***** DATA EXTRACT *****

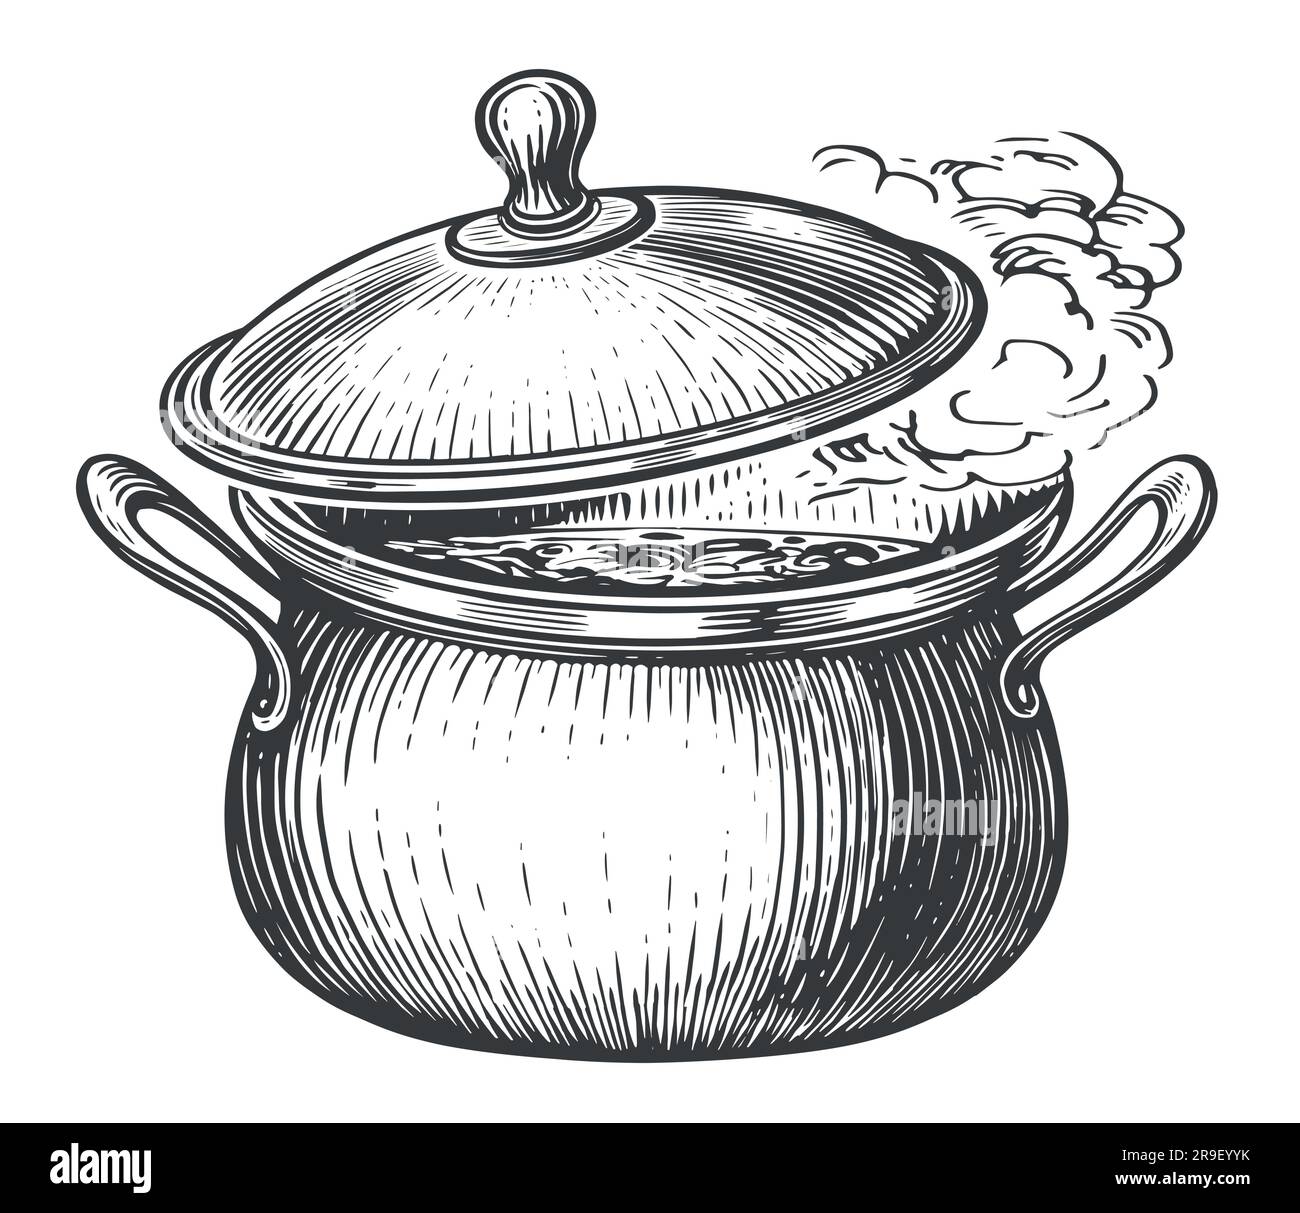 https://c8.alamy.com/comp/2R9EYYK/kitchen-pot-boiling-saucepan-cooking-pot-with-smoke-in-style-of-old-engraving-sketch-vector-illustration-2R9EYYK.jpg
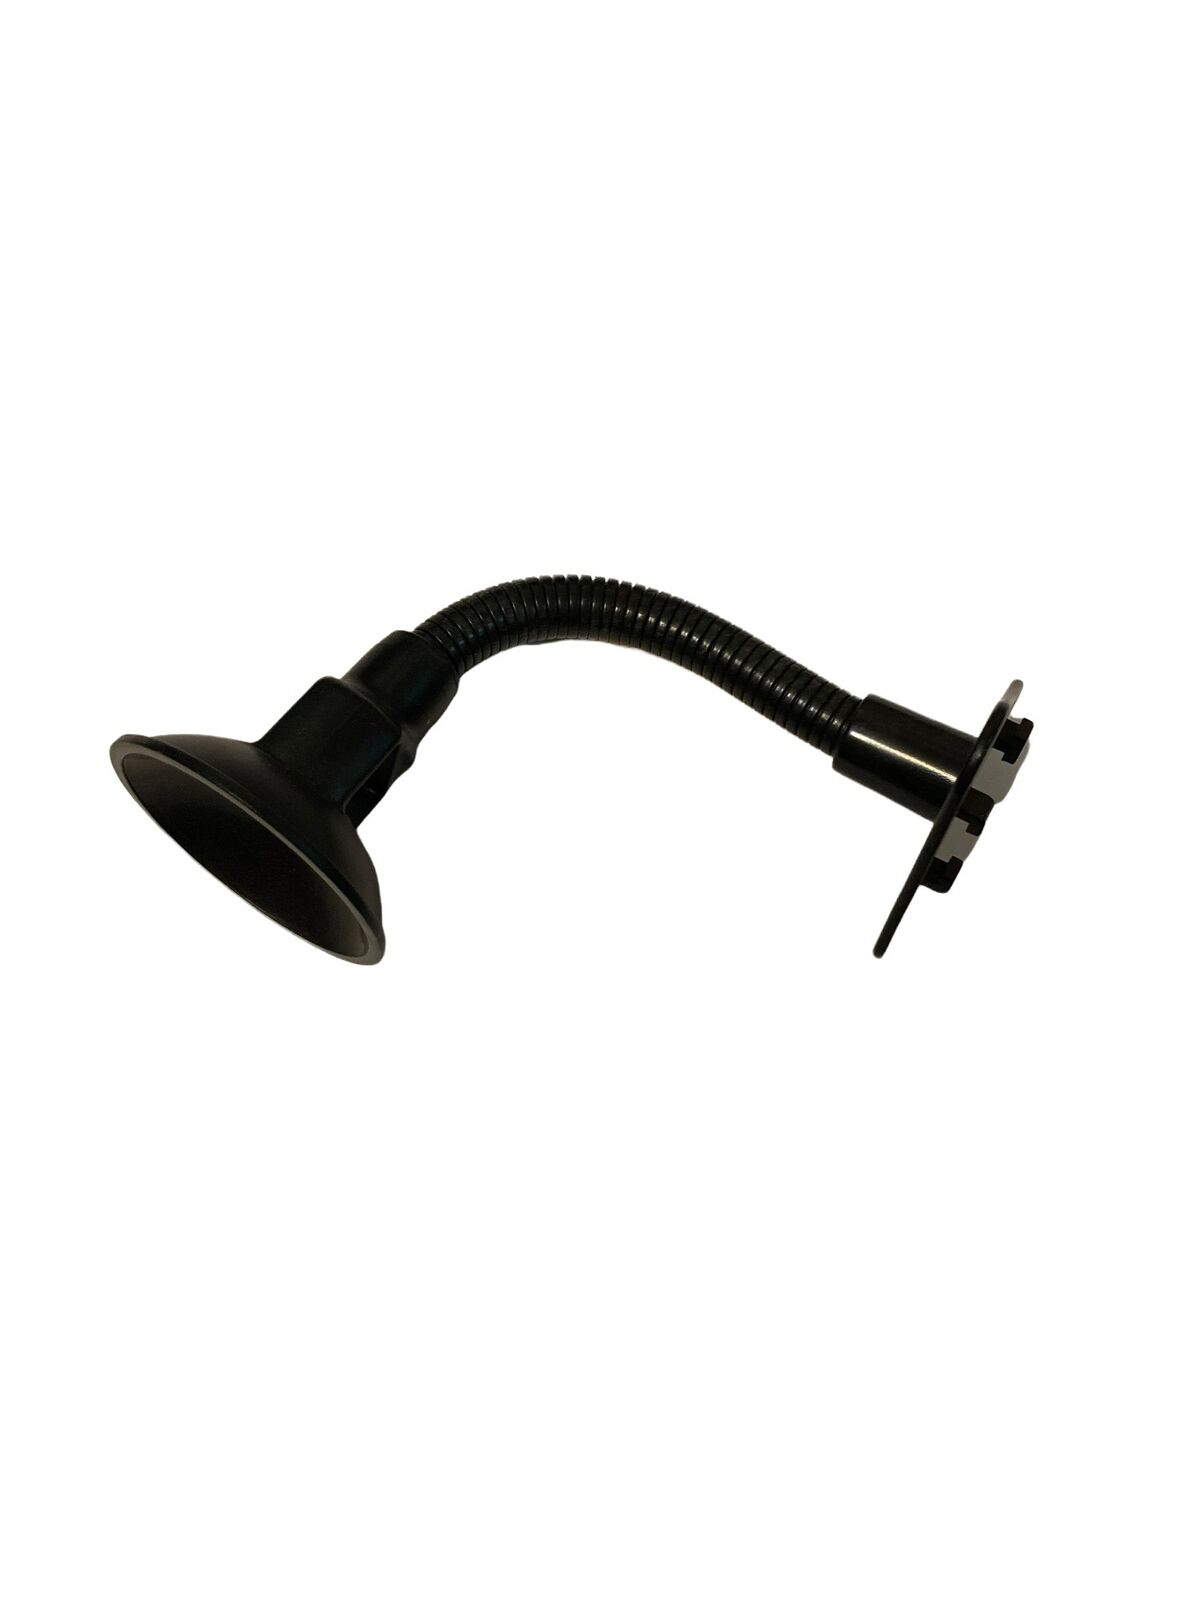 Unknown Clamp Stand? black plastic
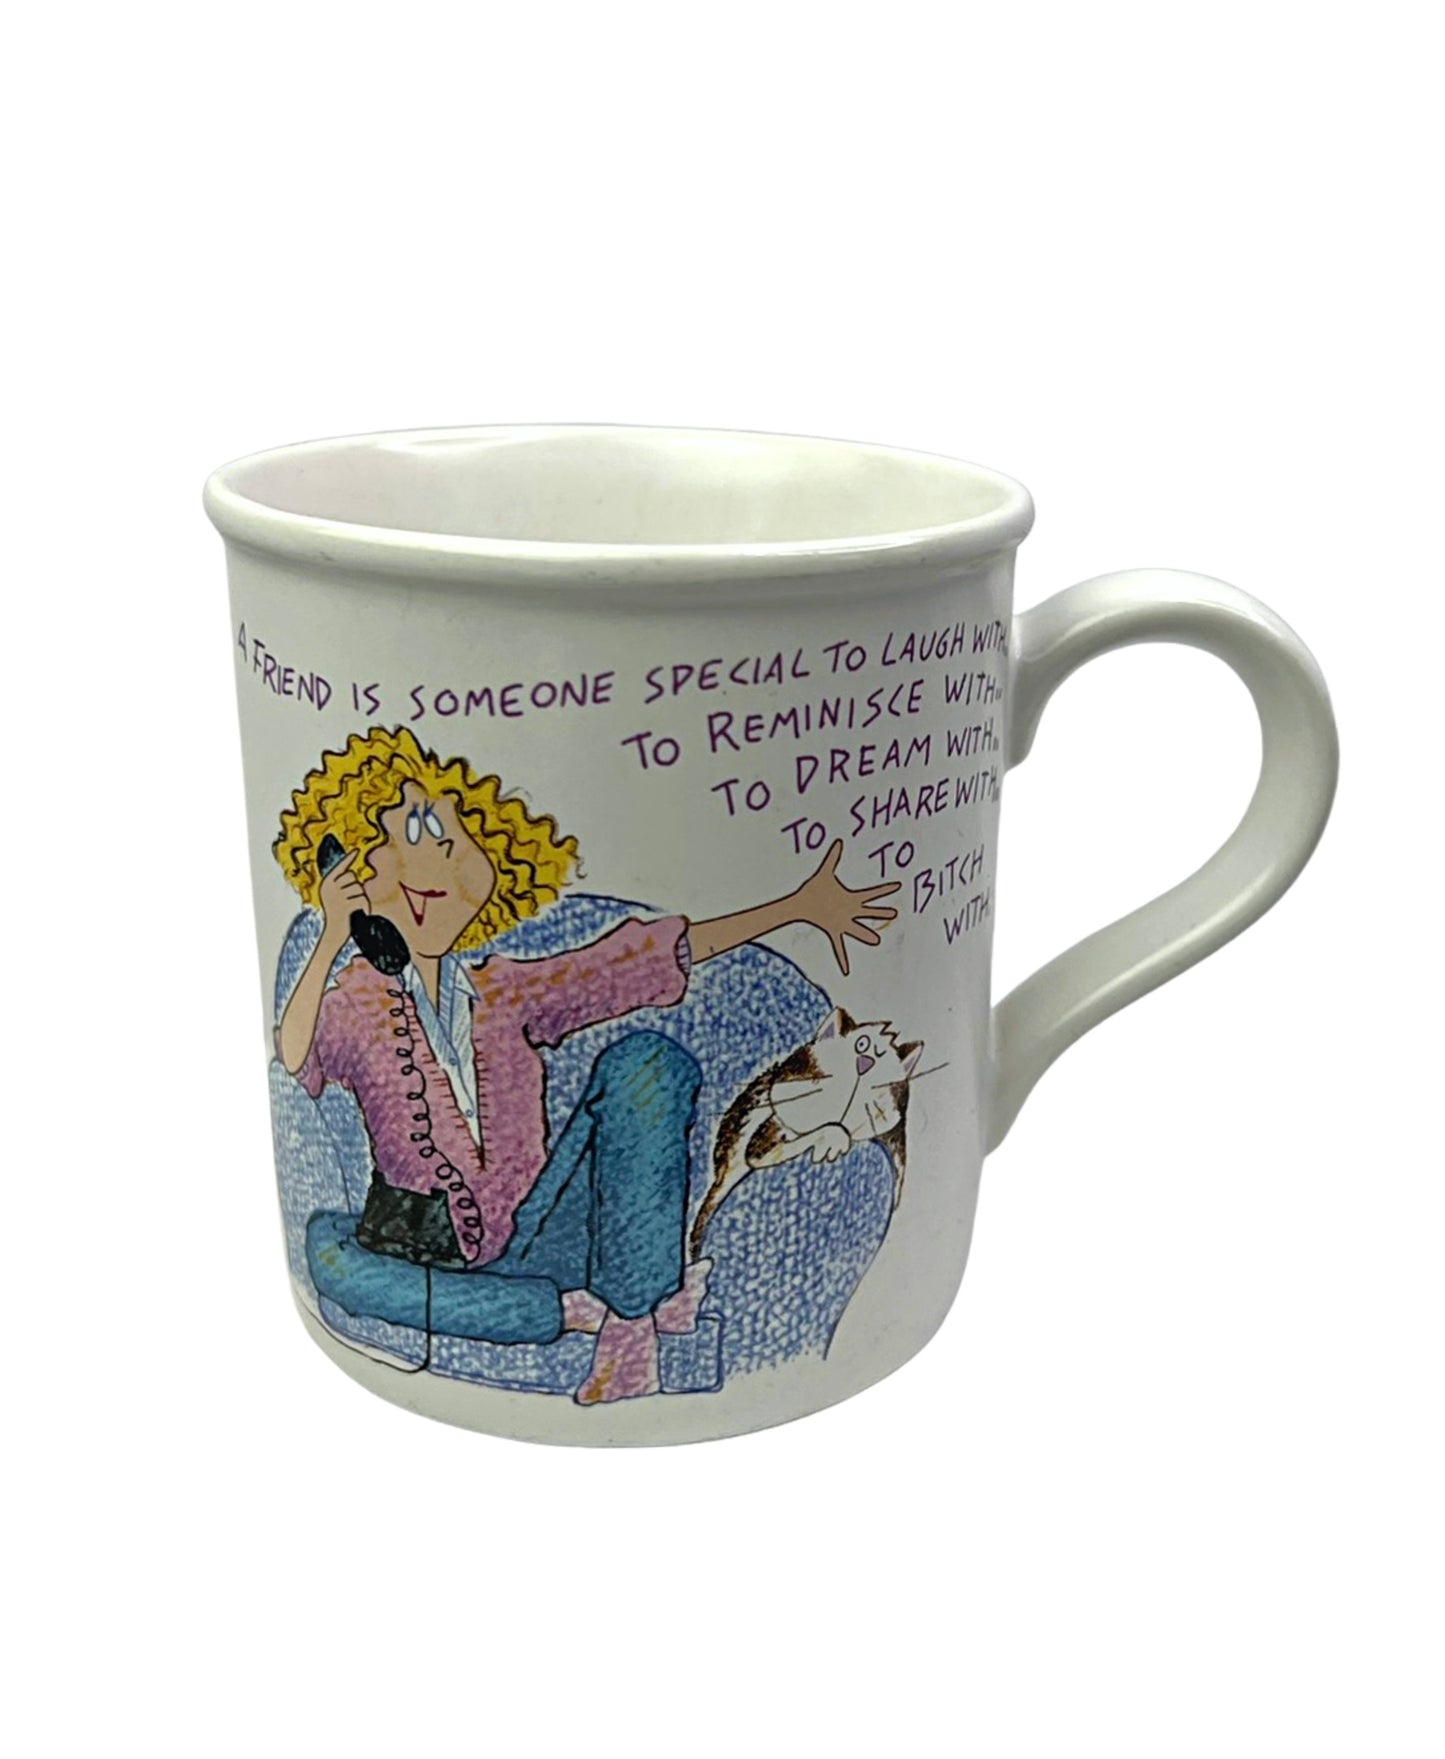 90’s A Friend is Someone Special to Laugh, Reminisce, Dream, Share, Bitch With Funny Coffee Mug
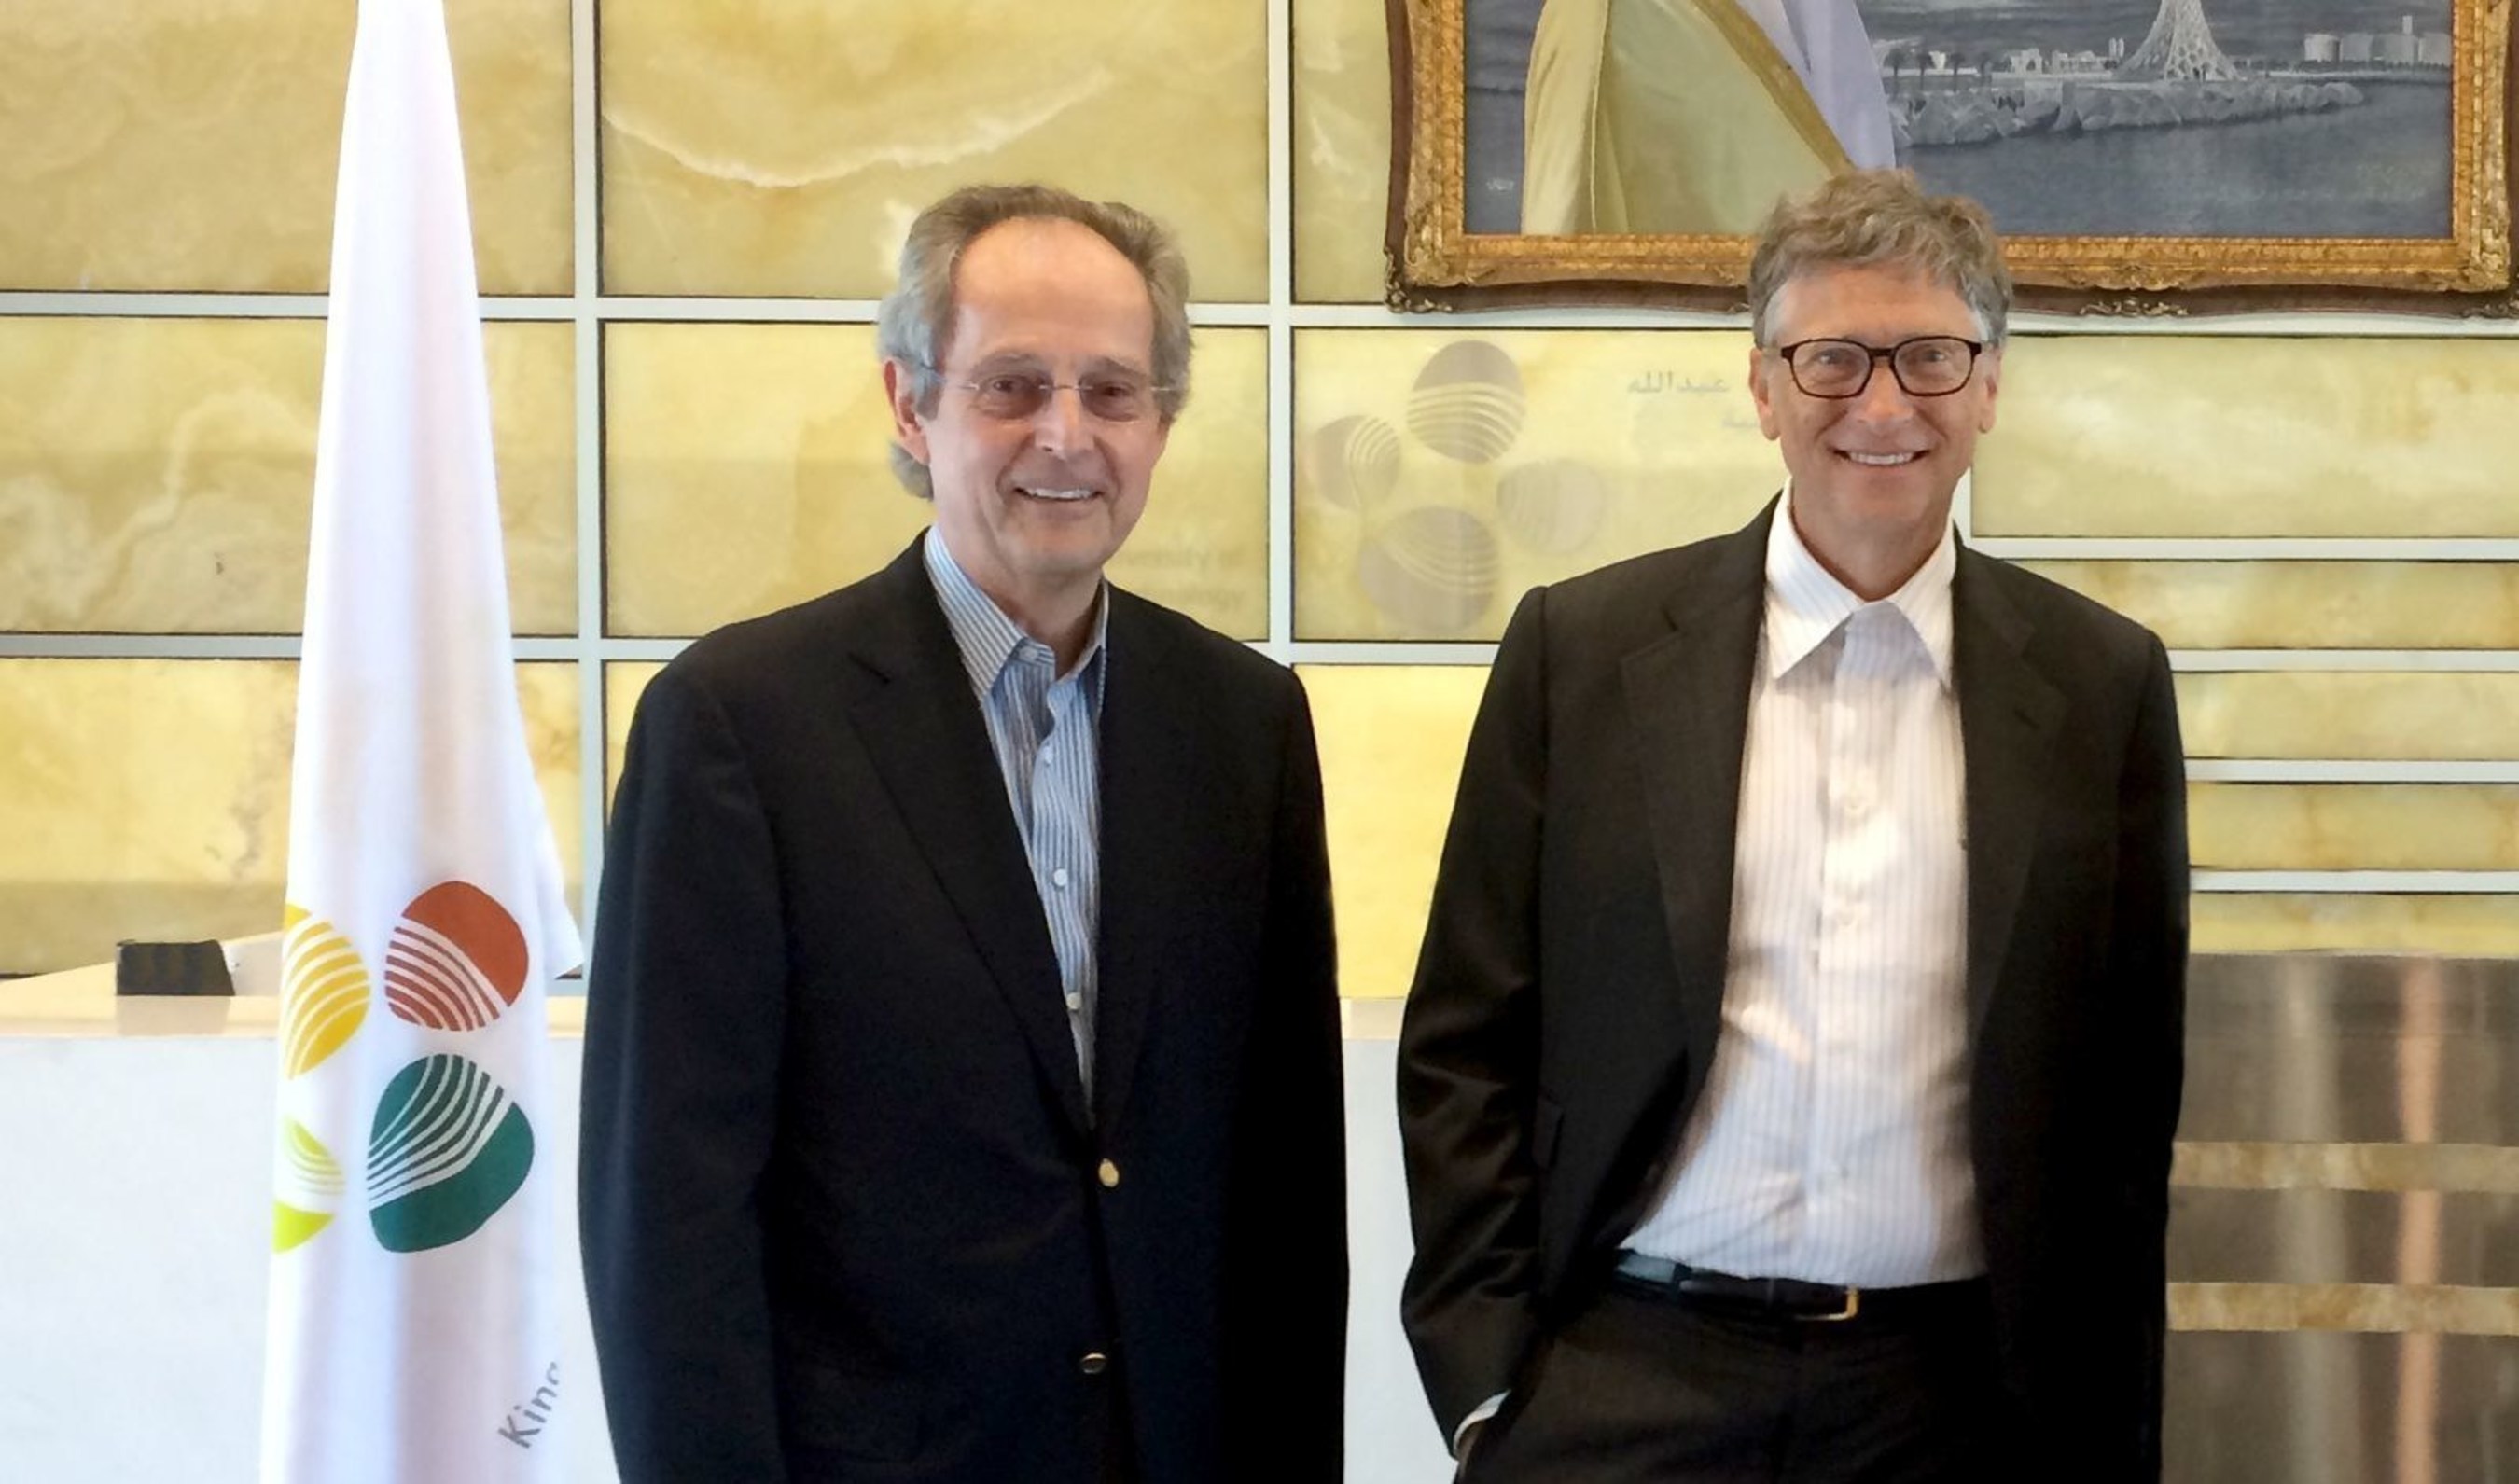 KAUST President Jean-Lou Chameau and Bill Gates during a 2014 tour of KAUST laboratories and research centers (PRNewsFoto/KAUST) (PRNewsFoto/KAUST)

*****

» PROBLEM DESCRIPTION:
Transcribe only the lines from the one holding "90’s A Friend" through the last line of the listing above, inclusive, and do not include the pictures.

» TASK OUTPUT:
 90’s A Friend is Someone Special to Laugh, Reminisce, Dream, Share, Bitch With Funny Coffee Mug
 KAUST President Jean-Lou Chameau and Bill Gates during a 2014 tour of KAUST laboratories and research centers (PRNewsFoto/KAUST) (PRNewsFoto/KAUST)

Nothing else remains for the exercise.